The old definition still seems to hold: an economist is someone who can tell you why it happened.
5. unusedusername - September 23, 2009 at 10:35 am
If the models are bad, then change the models. It doesn't mean that government should prevent people from freely exchanging goods and services. Most "heterodox" economists are against the free market itself, not just the models.
6. cwinton - September 23, 2009 at 11:24 am
Anyone who blindly believes predictions of mathematical models is guilty of trivializing reality. All models incorporate simplifying assumptions to make analysis tractable. Note that models for predicting election outcomes always include estimates of margins for error, something models lacking statistical estimates cannot provide. Models improve understanding, but as predictors are at best guides (look no further than the storm paths predicted by various hurricane models). The recent economic collapse was predictable, just not by the kind of modeling used by neoclassical economists, who would have benefitted from less hubris and more common sense.
7. spearjh - September 23, 2009 at 11:38 am
I'm really glad that this was written & posted. "Dumbfounded" is right.
And btw, re: an above comment: "If the models are bad, then change the models. It doesn't mean that government should prevent people from freely exchanging goods and services. Most "heterodox" economists are against the free market itself, not just the models."
- Gross, innaccurate oversimplifications such as this are not in any way helpful.
8. stinkcat - September 23, 2009 at 11:45 am
If heterodox models make better predictions, then why doesn't she cite the accurate predictions made by those models?
9. neilsullivan3 - September 23, 2009 at 12:06 pm
The real problem is the overall acceptance by most everyone, including academia, of government involvement in the market (Fannie Mae and Freddie Mac, etc) and therefore the distortion of the pricing system by government. When the market is allowed to function, it does. The crash was caused by the government's implicit guarantee. This camel's nose under the tent is now allowing the government to own car companies, banks, etc. Prediting economic results should get much easier when the government owns or controls production and investment, because it will be the goverment that picks the winners. This is obvious to me and I am constantly amazed that such a basic concept, proved by the entire history of the world, except for the United States (until now), is ignored.

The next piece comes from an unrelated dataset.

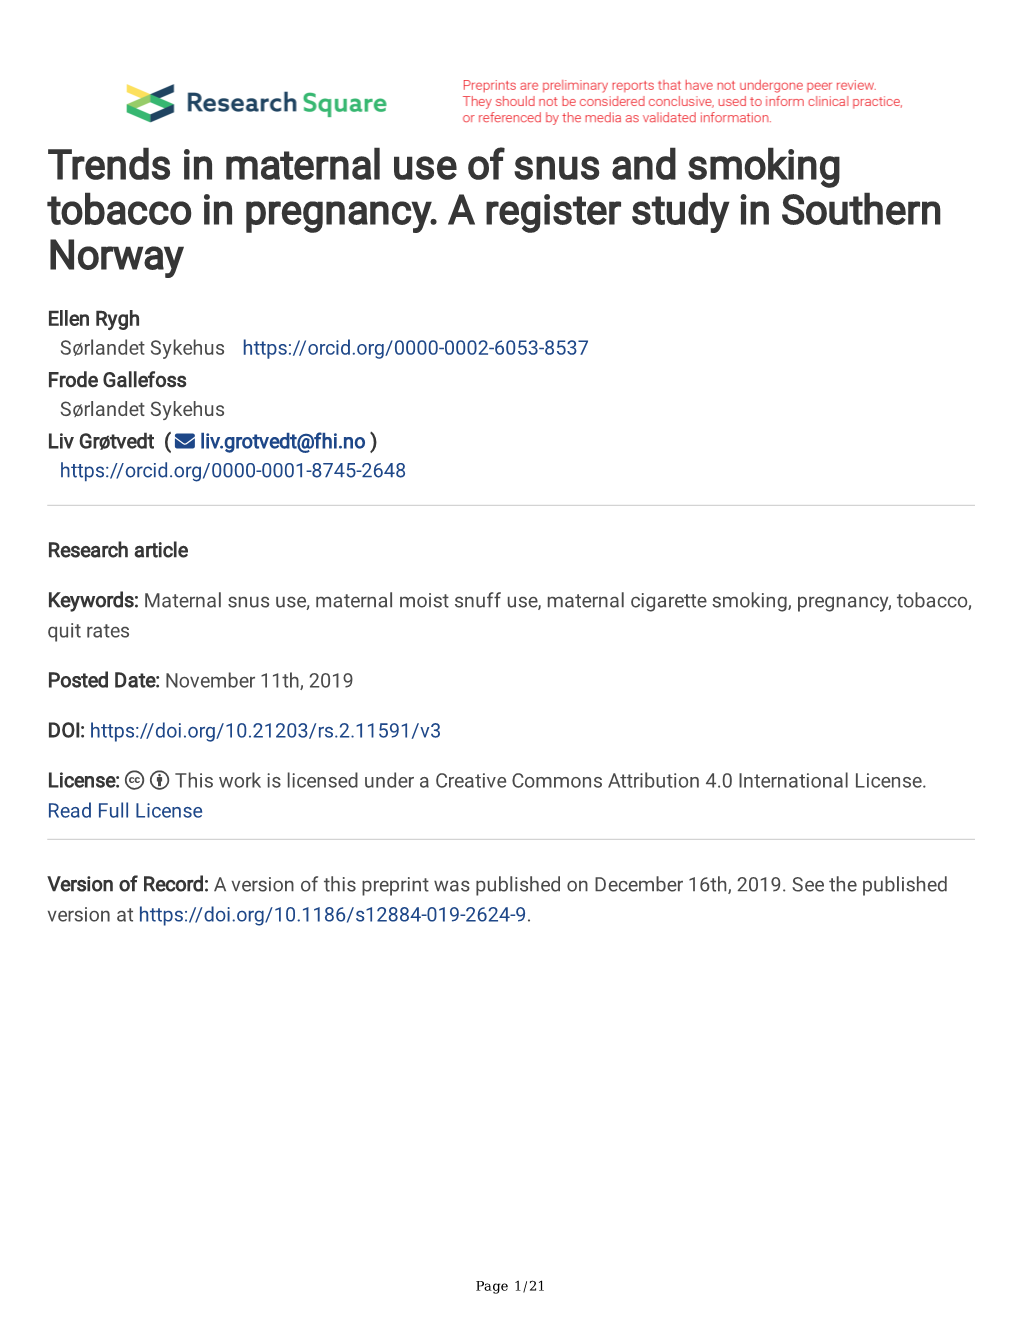 Trends in Maternal Use of Snus and Smoking Tobacco in Pregnancy. a Register Study in Southern Norway
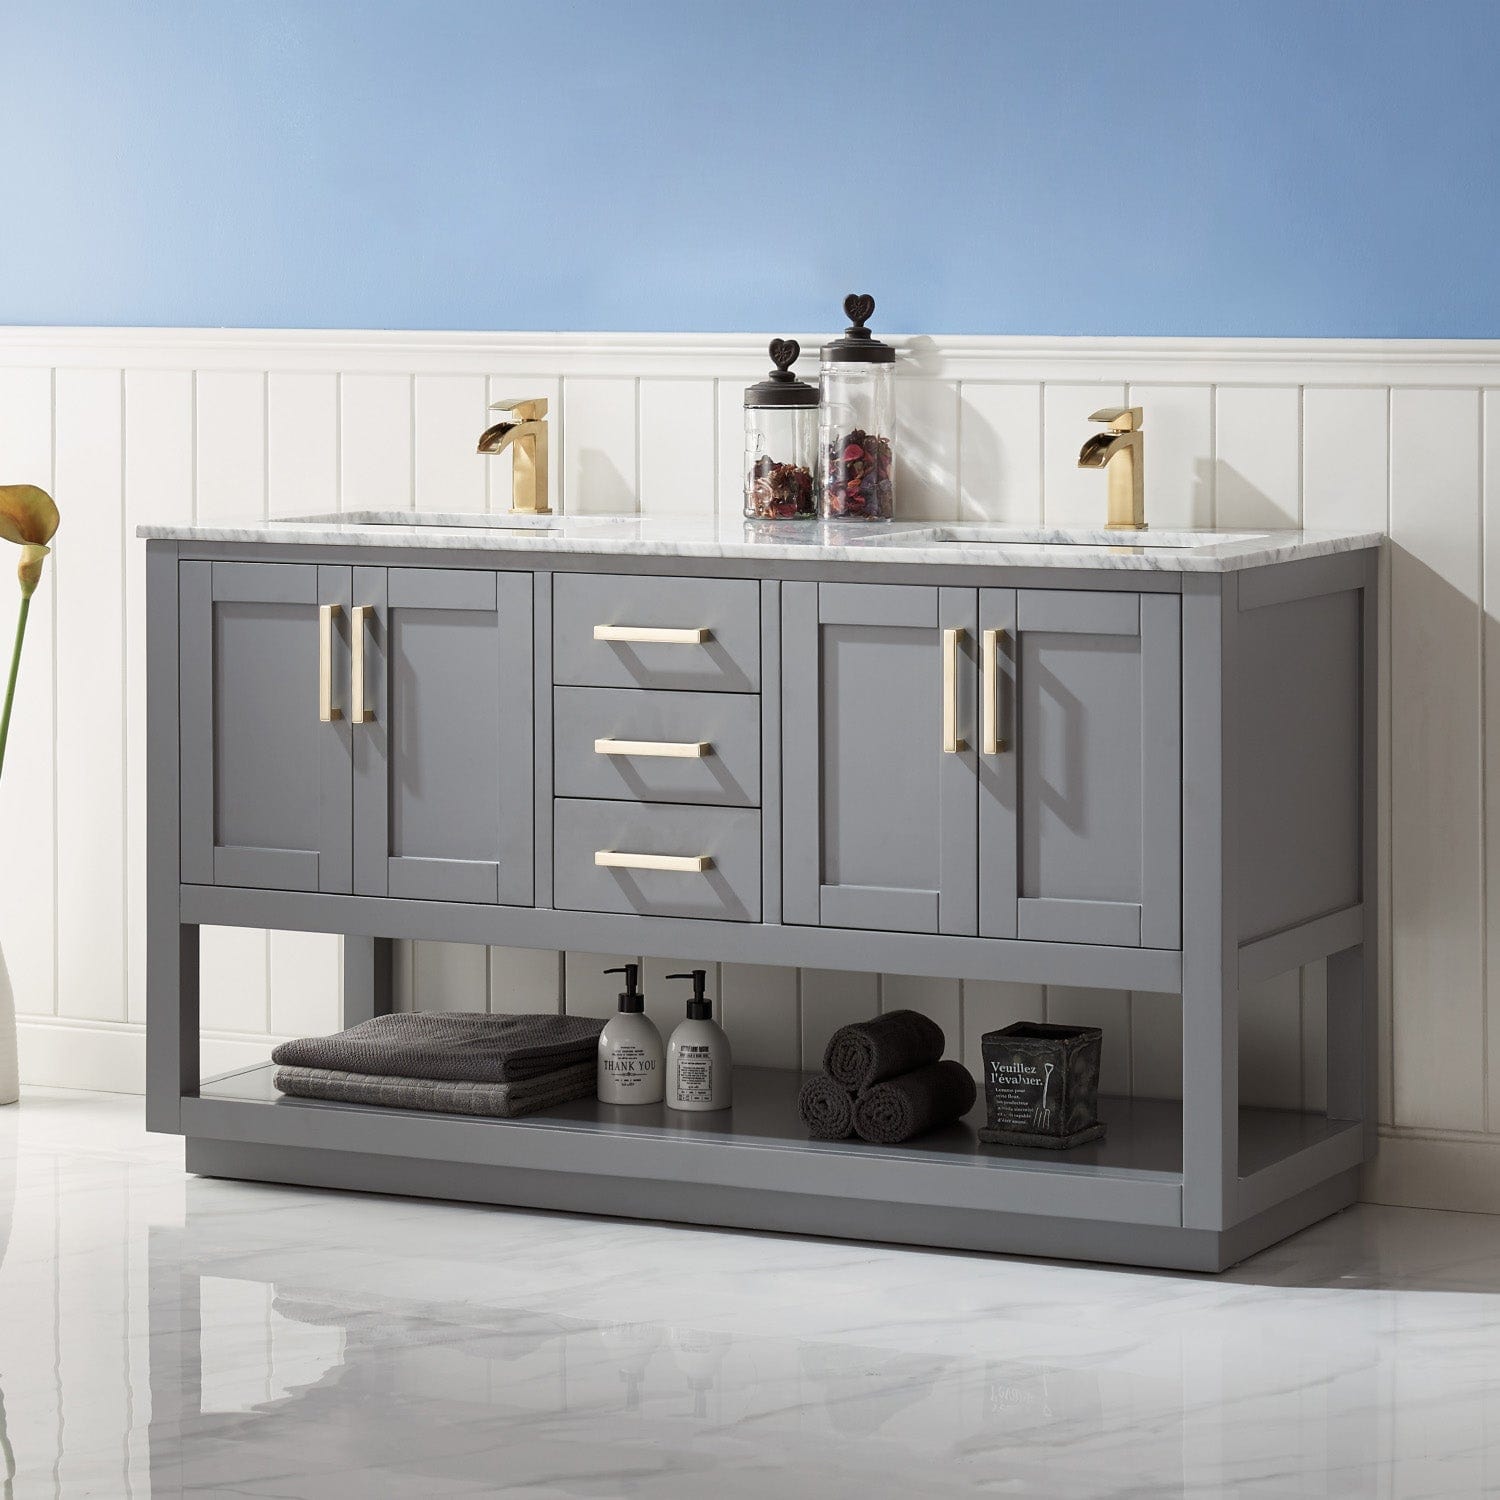 Altair Remi 60" Double Bathroom Vanity Set in Gray and Carrara White Marble Countertop without Mirror 532060-GR-CA-NM - Molaix631112971522Vanity532060-GR-CA-NM

10. goxewu - September 23, 2009 at 01:38 pm
'Twere the biggest capitalists in the country (bankers, carmakers, and a couple of insurers) who begged (BEGGED!) and pleaded (PLEADED!) for government intervention in their allegedly free-market enterprise. The only reason there's a still a facsimile of a free market in those places is because the government listened to their paintive cries pulled the free market's willie out of the wringer. And not for the first time: The only reasons there were banks around in the fall of 2008 to beg and plead for government intervention is because three-quarters of a century previously, FDR extracted the banks' same body part from the squeezer by declaring bank holidays and taking other measures.
The free-market mathematical-model fans remind me, paradoxically, of the soldiers brainwashed by the Chinese communists in the original film version of "The Manchurian Candidate." Frank Sinatra's character starts to doubt the whole fake Medal-of-Honor-winning battle they supposedly fought because, after they were released back across the lines, they "remembered" the "battle" only as the lines and dots on the diagram their captors drew for them. Likewise, the free-market mathematical-model fans deal not with real, flesh-and-blood human beings, but with lines and dots on their wondrous computer diagrams. (And they same to care more about dots and lines than real, flesh-and-blood human beings who, for instance, can't get health insurance.)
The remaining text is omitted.